▶ **WHAT YOU WILL DO**: After locating the line with "150PCS for Tesla", repeat it and every following line to the end of the listing, exactly. Omit the pictures.

▶ **RAW DATA**:
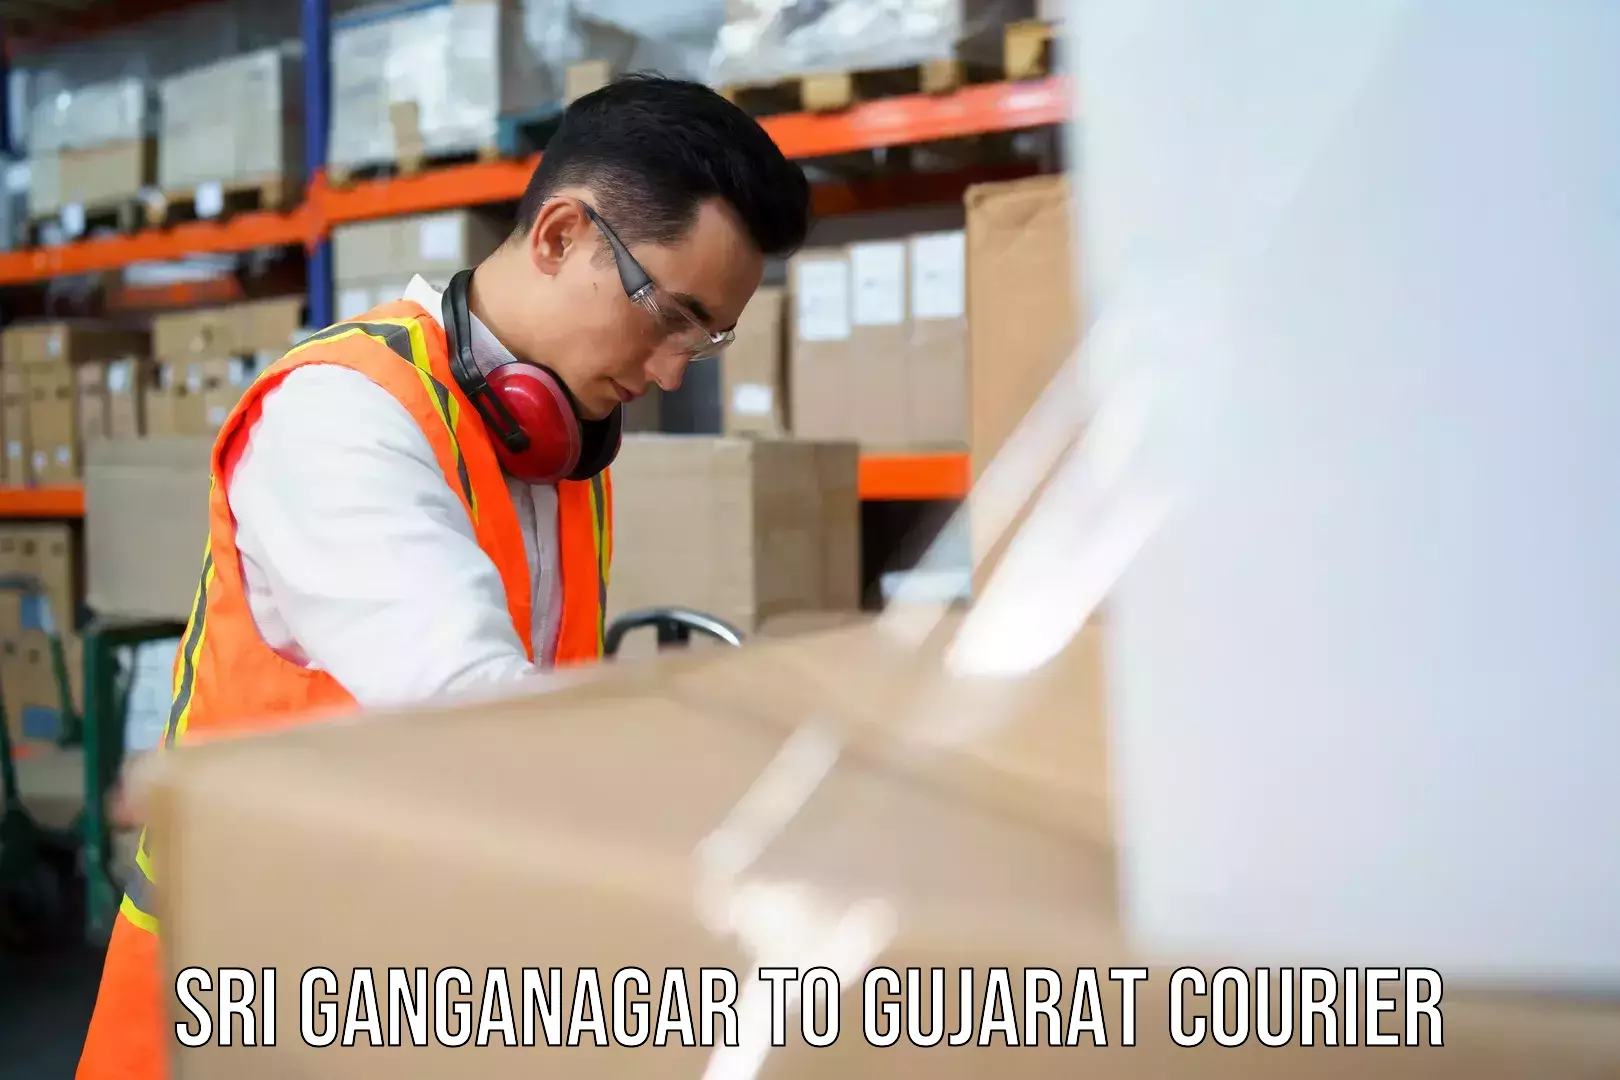 Courier service partnerships Sri Ganganagar to Bilimora
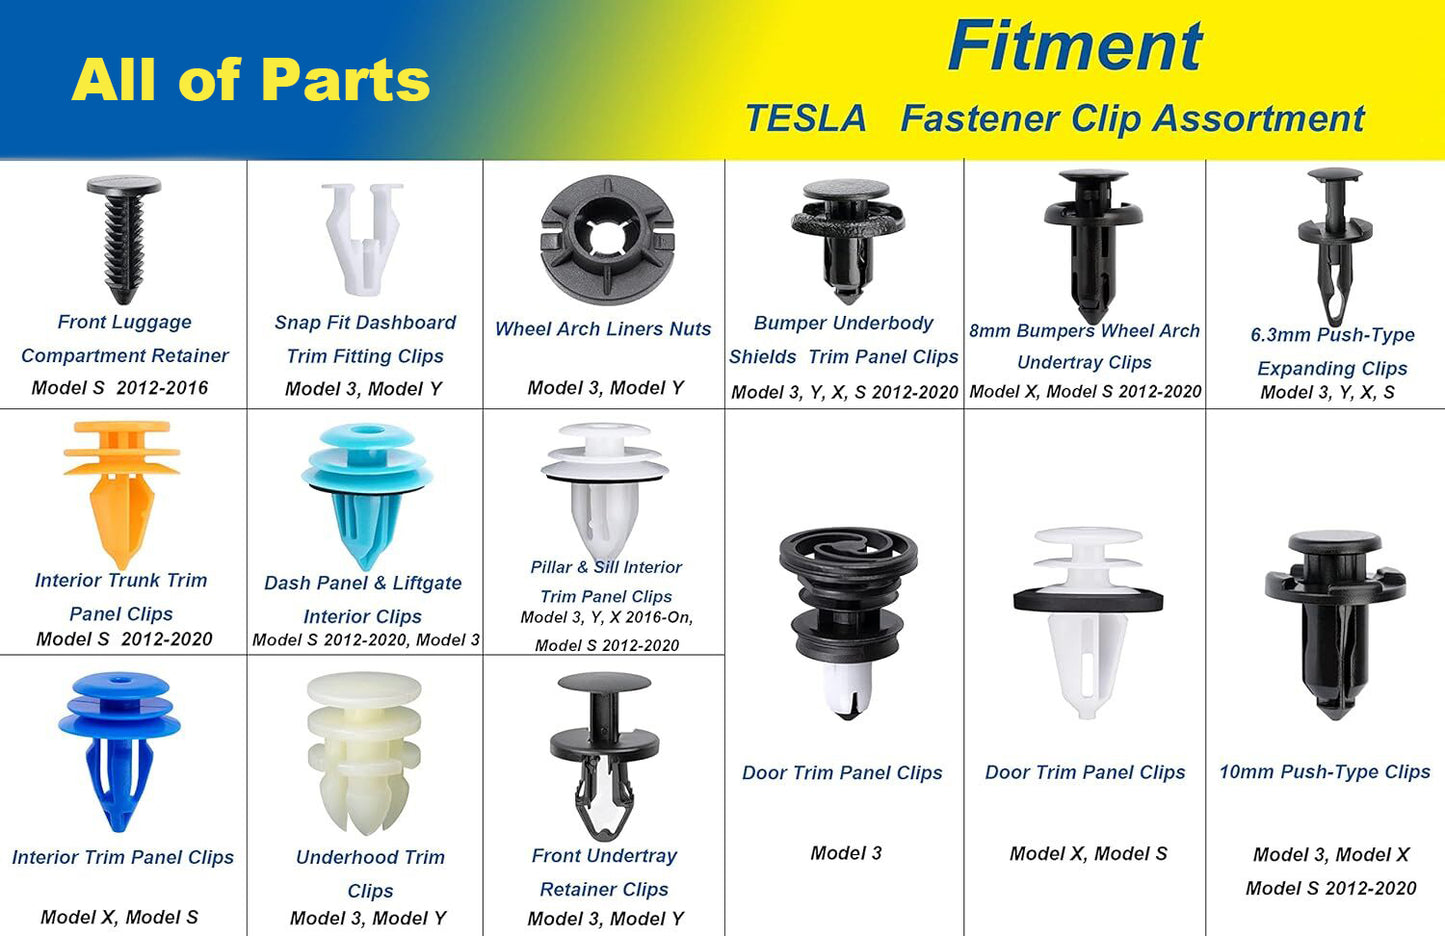 150PCS for Tesla Body Interior and Exterior Retainer Fastener Clip Assortment Interior Headliner Retainer Push Pin Clip
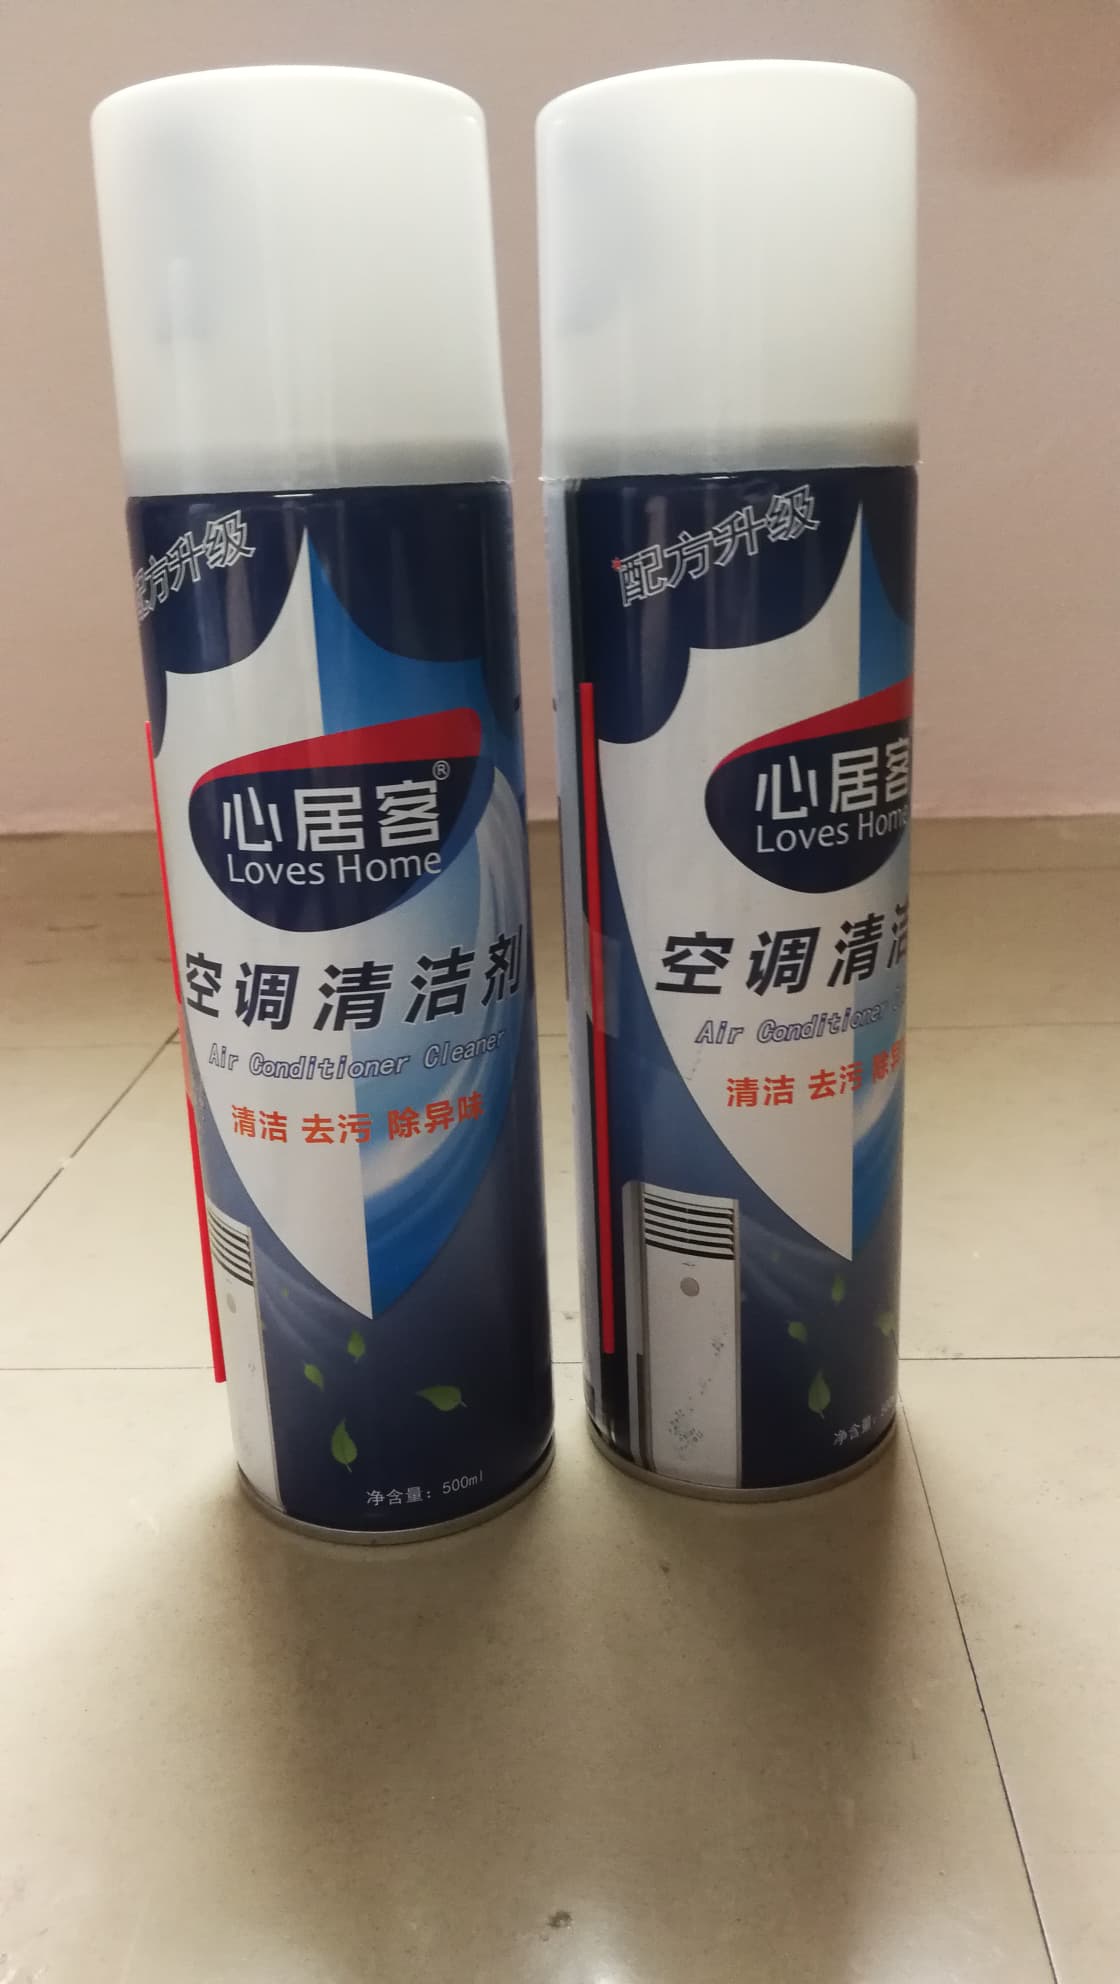 สเปรย์โฟมล้างแอร์ สินค้านำเข้าจากประเทศจีน สำหรับทำความสะอาด ล้างแผงคอลย์เย็นเครื่องปรับอากาศ ทุกรุ่น ทุกยี่ห้อ *1 กระป๋อง

▶ **SOLVED EXERCISE**:
 150PCS for Tesla Body Interior and Exterior Retainer Fastener Clip Assortment Interior Headliner Retainer Push Pin Clip
 สเปรย์โฟมล้างแอร์ สินค้านำเข้าจากประเทศจีน สำหรับทำความสะอาด ล้างแผงคอลย์เย็นเครื่องปรับอากาศ ทุกรุ่น ทุกยี่ห้อ *1 กระป๋อง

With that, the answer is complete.